October 22, 2019
Article by the Ironpaper team.
Content marketers, beware: The people who buy technology products and services don’t care how many awards your company has won or how long you’ve been in business.
Buyers crave valuable, educational content that helps them overcome challenges and make difficult decisions quickly. When content marketers focus on fixing buyers’ problems -- rather than features and technologies -- they establish more trust and their content resonates with buyers.
Why is this important?
Trust makes the buyer eager for more insightful information, which increases the likelihood they will become a sales qualified lead and, eventually, a paying customer.
Nearly half of buyers view 3-5 pieces of content before engaging with a sales rep
Early in the sales process, people want to research on their own. That’s why 47% of buyers view three to five pieces of content before engaging with a sales representative1. To capitalize on this pattern, B2B tech companies with complex SaaS, IoT or IT products need to develop assets that speak to leads where they are in the buyer’s journey.
The best way to keep customers engaged through a long sales process is to build a relationship that is laser-focus on their needs. That’s why the rest of this article shows you how to deliver content leads will embrace in five, strategic steps.
As you begin the content development process, it’s crucial for content marketers to learn from the sales teams who interact directly with leads every day and the easiest way to capture those insights is in an interview session.
If that sounds daunting, it shouldn’t be. Don’t get caught up in asking the “right” questions or creating a lengthy survey. Instead, just talk with them. The goal is to leave the meeting knowing who the best leads are (in terms of title, company size, etc.) and understanding how they describe their challenges in specific language. Armed with these profiles and pain points, the marketing team will be better equipped to create more relevant problem-solving content.
For example, insights from a salesperson may inform marketers that one potential buyer persona is a telecom service provider whose customers are leaving the business because the network isn’t secure enough. In this case, the buyer is looking for new software to make their network more secure, so the business can rebound.
Thanks to their conversation with sales, marketing knows the buyer wants a primer about general security problems that affect telecom networks before he or she starts researching which type of software to buy.

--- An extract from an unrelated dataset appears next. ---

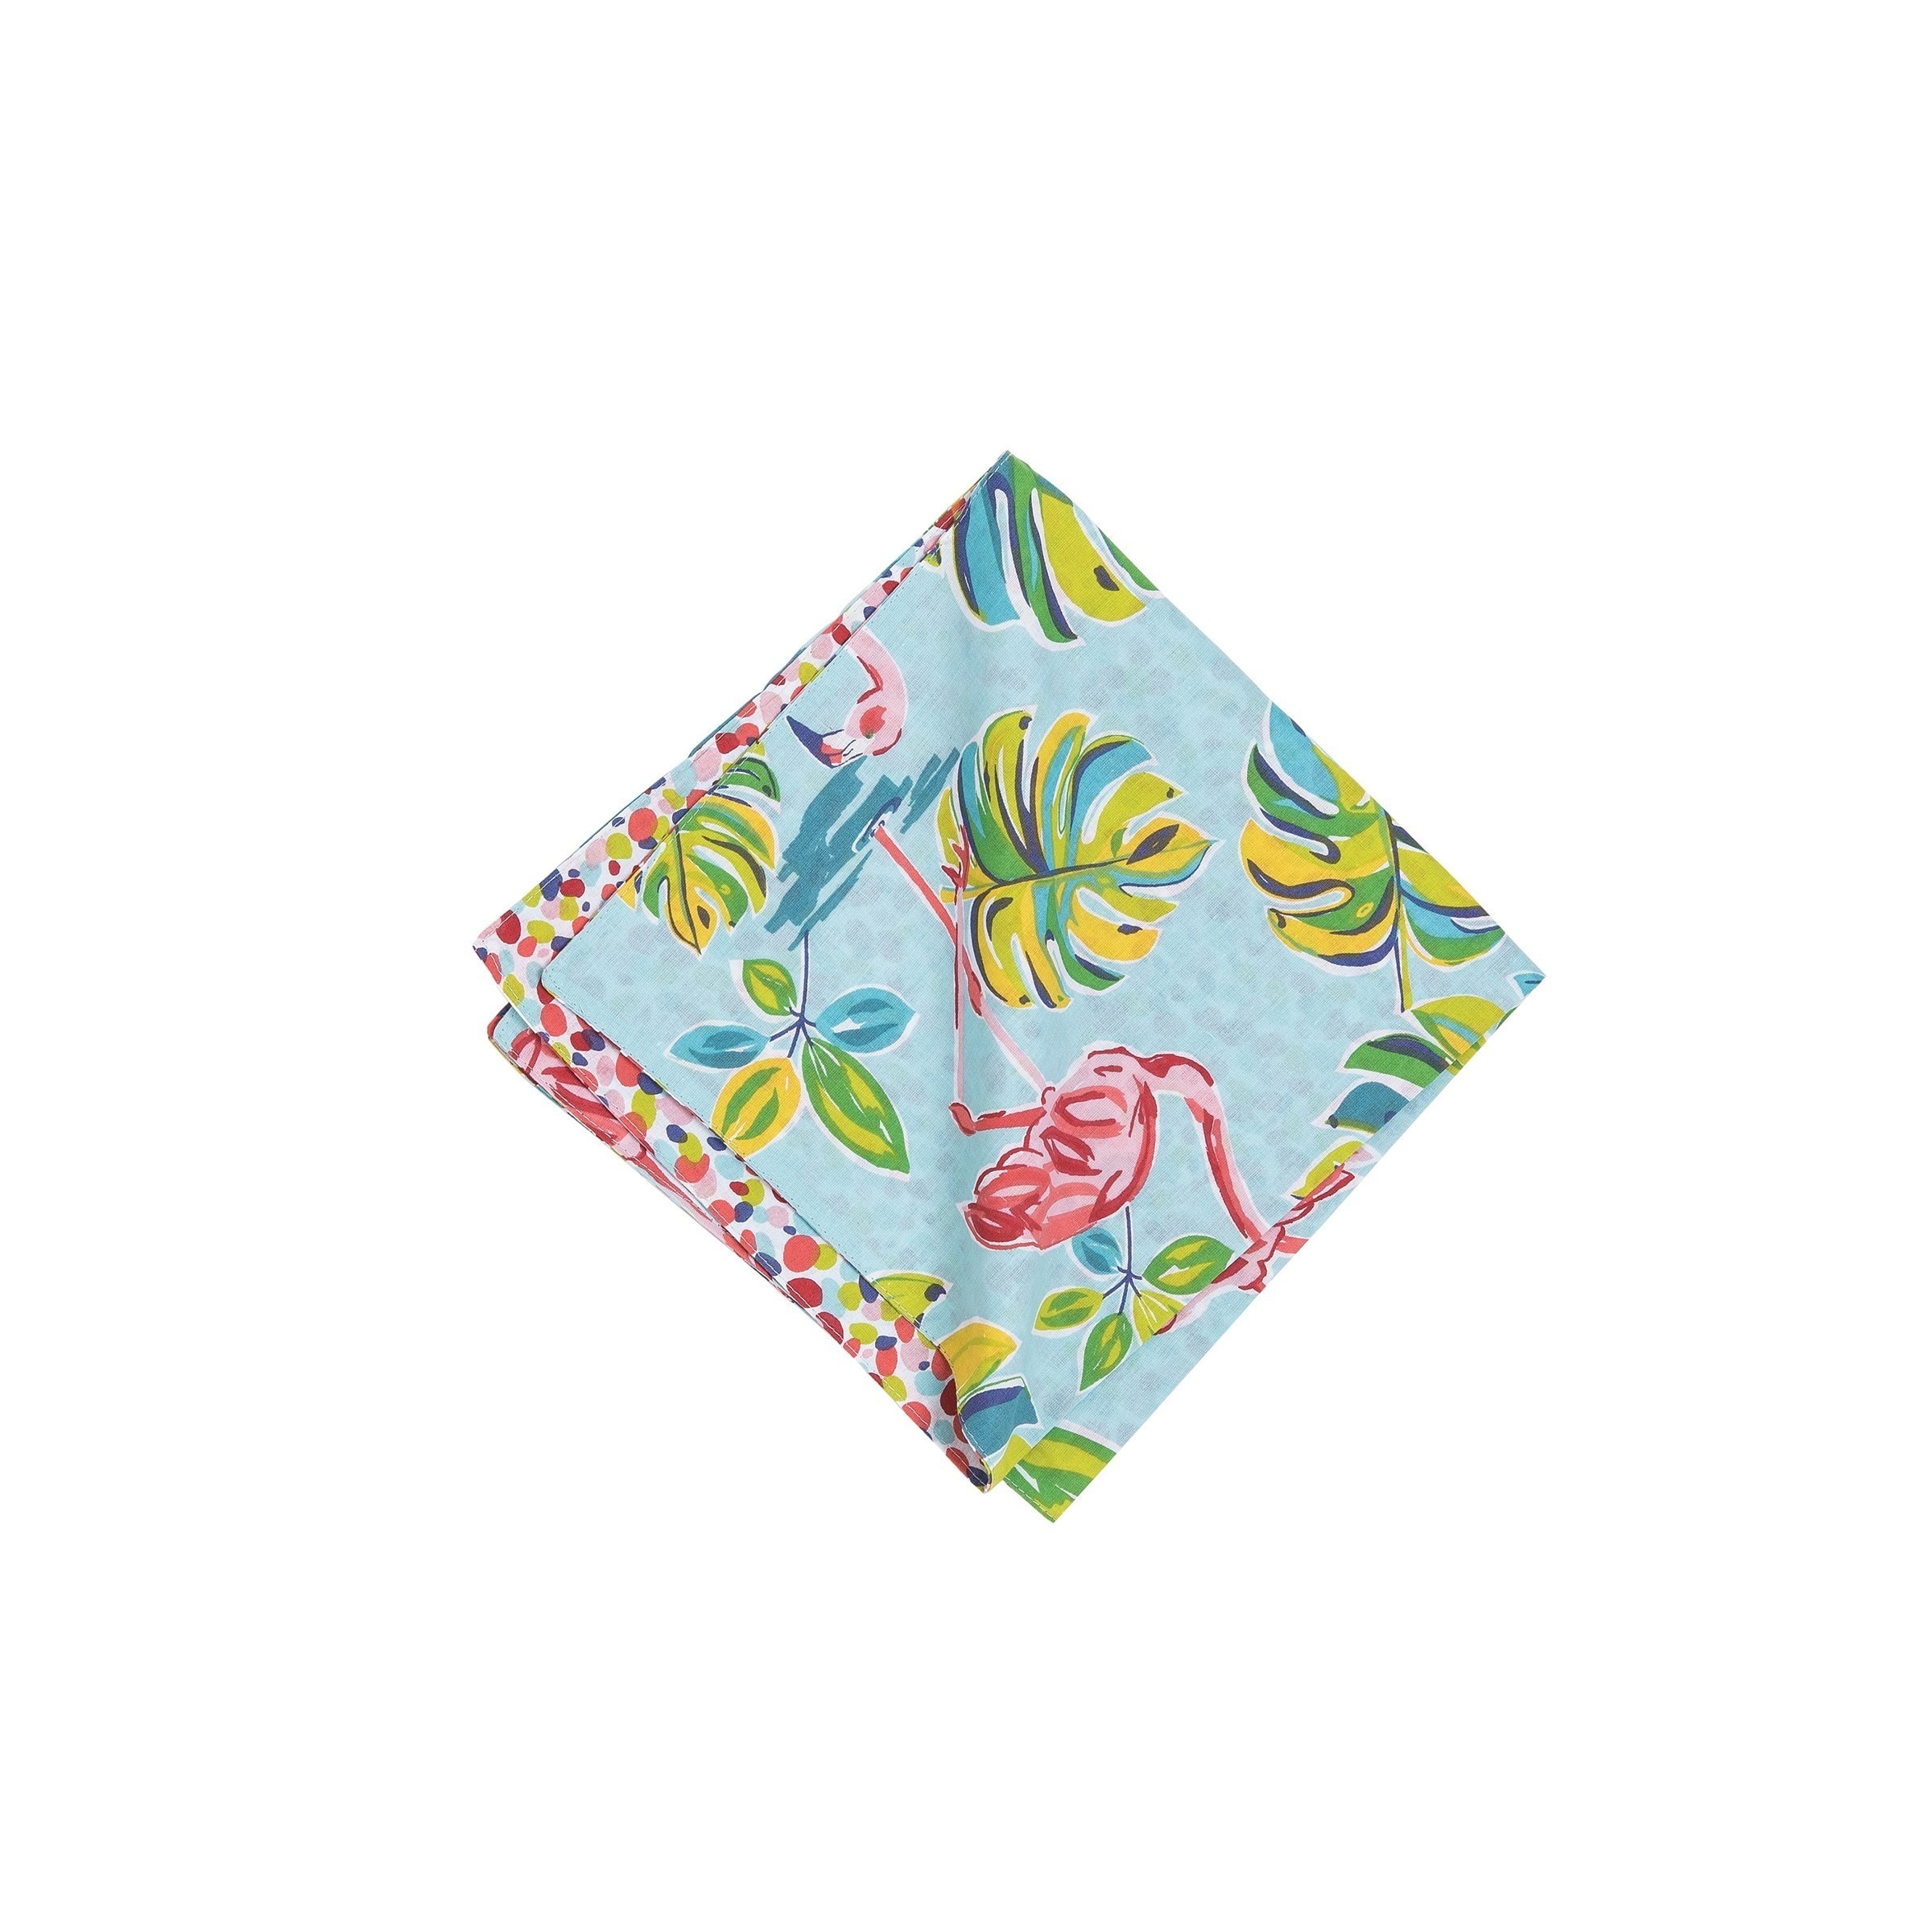 https://ak1.ostkcdn.com/images/products/is/images/direct/5940673ab9ee9eaa47ef8d980f97965a23e8a64a/Flamingo-Garden-Cotton-Reversible-Napkin-Set-of-6.jpg
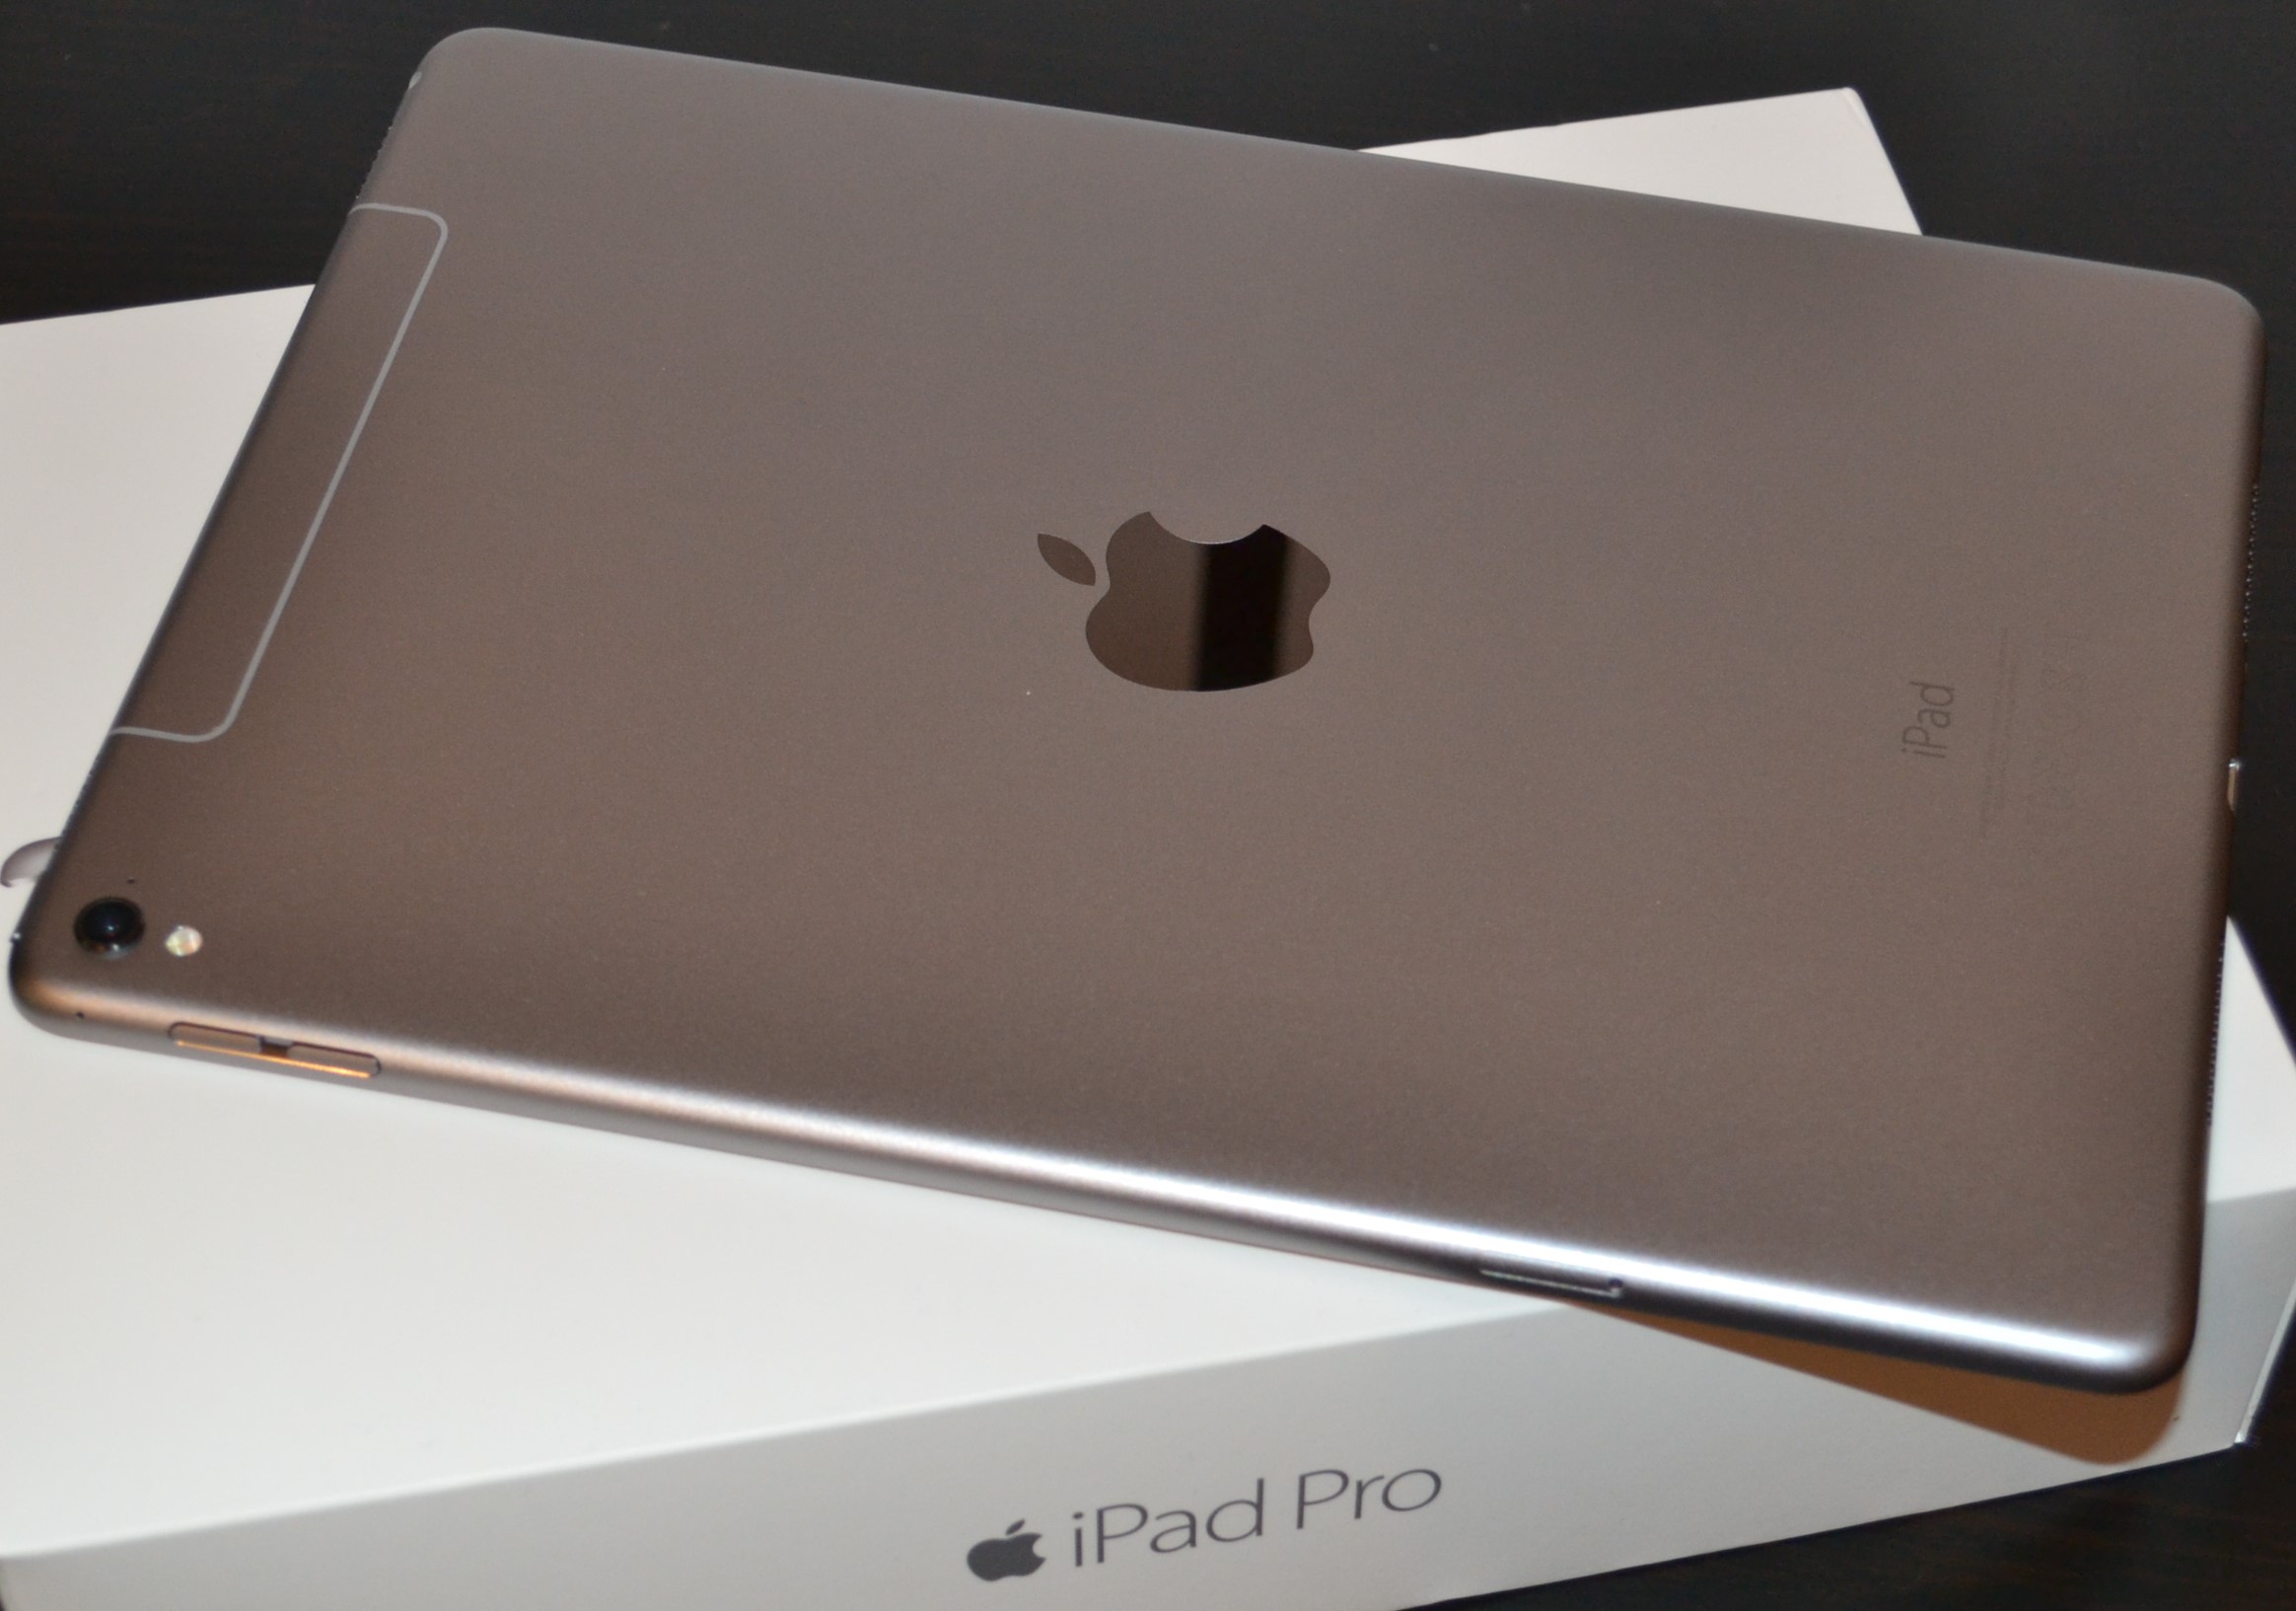 ipad pro 9.7 inch review 1

There are three stages of the buyer's journey: awareness (they’ve never heard of your brand), consideration (they’re comparing you to competitors), and decision (they’re almost ready to pull the trigger on a purchase). When the marketer for this telecom security software provider is creating their content strategy, they should approach it by creating valuable content and insights for each stage, in order. That way the target buyer gets educated before being rushed into a purchasing decision, which builds trust in the company. A few content ideas for that fictional marketer might be:
Before scaling up content efforts, marketers should test various formats -- blogs, ebooks, white papers, webinars -- and different subject matter to determine what buyers are most receptive to. For example, after writing three blog posts -- a list of recommendations, a how-to, and a Q&A -- content marketers should analyze the data to determine which type generates the most buyer interest. If the blog that’s structured like a Q&A generates the most marketing leads, it makes sense to produce more Q&A blogs that can be collected and reformatted as something else, like an eBook or white paper.
That said, this information doesn’t mean all recommendations and how-to blogs don’t convert. Instead, it simply means those styles need more tweaking to resonate with website visitors on the same level. Keep experimenting and measuring results to find out what really works for the target market.
Once the content team has a sense of what’s working, it’s time to generate a consistent flow of blogs and articles since 49% of business-to-business marketers say these are the most valuable types of content marketing for moving prospects through the sales funnel.
The more relevant and insightful the content is, the more effective it will be at solving buyers’ problems, establishing their trust, and converting them into sales qualified leads. Airtight alignment on content strategy between sales and marketing is essential to content marketing effectiveness in generating sales qualified leads.
Airtight alignment on content strategy between sales and marketing is essential to content marketing effectiveness in generating sales qualified leads.
The more B2B tech companies combine the knowledge and skills of sales and marketing professionals to create valuable content, the more helpful the content will be for buyers. Like many aspects of successful business, this needs to be a team effort with sales and marketing working together to help buyers overcome obstacles.
It’s still not enough to create helpful content for solving buyers’ problems. Follow-up is needed. B2B tech providers should measure the content’s effectiveness by studying which keywords generate the most sales qualified leads. If buyers consume more blogs than white papers, figure out why.
Seek to understand what it was about the white paper content that resonated more with buyers than the blog. Analyzing this can help fine-tune the next piece of content. If one blog headline generated a lot more leads than several others, try to figure out why. Armed with these new insights, create more targeted content.
From there, adjust your content strategy and keywords based on what you learn. Be pragmatic. Do what works. Shelve what doesn’t. Test early and often. Iterate early and often. Use data to make better decisions about what content to produce that solves buyers’ problems. Then, add fuel to the fire of great content with paid ads to drive even more traffic.